An alternative without the ternary is

  return (e1->i > e2->i) - (e1->i < e2->i);


My C's a little rusty, but isn't the exact integer returned by the comparison undefined? Isn't is just defined as just zero or non-zero?

Therefore i would argue this is just as risky as the original solution, and that it's better to use the ternary operator


No, the relational operators (<, >, <= and >=) are defined to evaluate to either 0 or 1, and the result has type int.

The same is true of the equality operators (= and !=), the logical negation operator (!), and the logical boolean operators (&& and ||).

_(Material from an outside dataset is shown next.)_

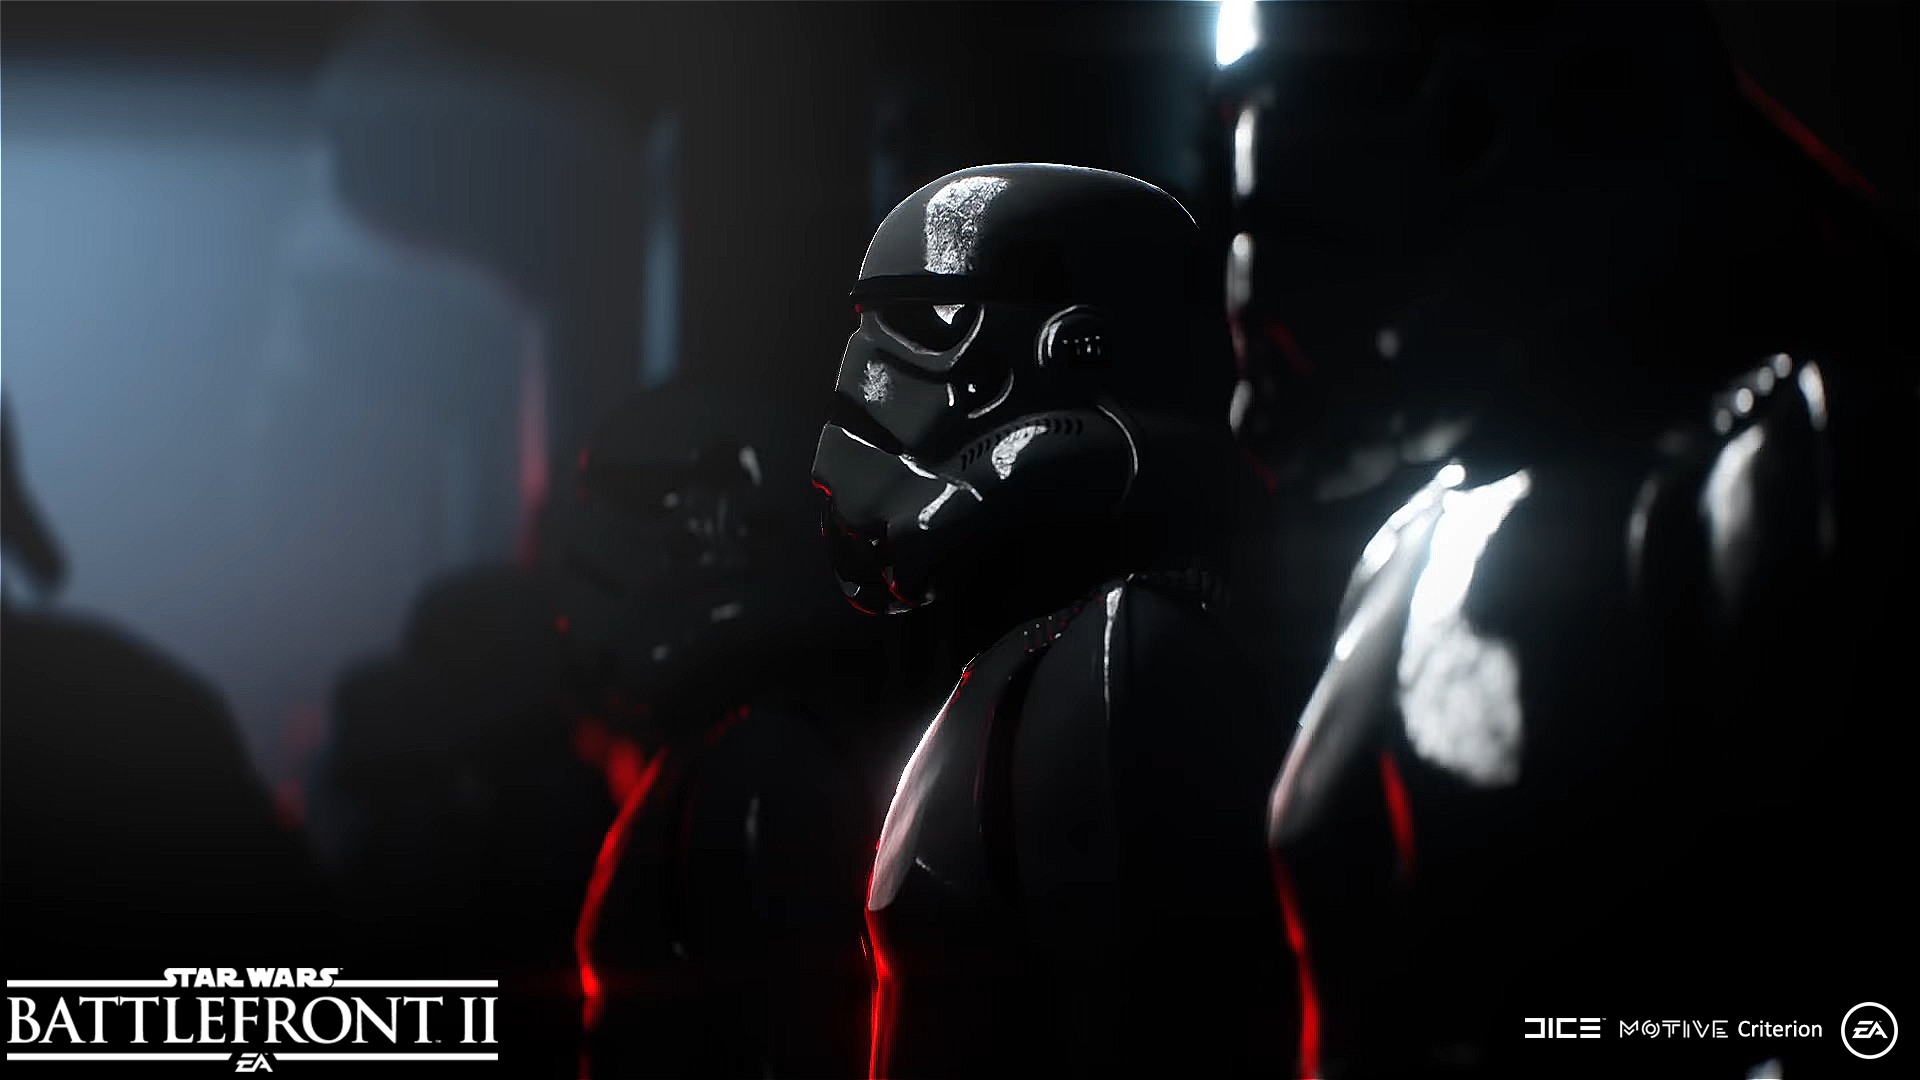 Star Wars Battlefront Ii Wallpaper Stormtrooper By

There are other C idioms based on this, like !!expr to squash a zero-or-non-zero expression down to zero-or-one.


Regardless of the correctness of the code, if it's not obvious and you need to explain it, you probably should not write it (unless you have profile data that makes you do otherwise).

"Programs must be written for people to read, and only incidentally for machines to execute."


I think that particular example should be obvious to anyone whose C isn't "a little rusty".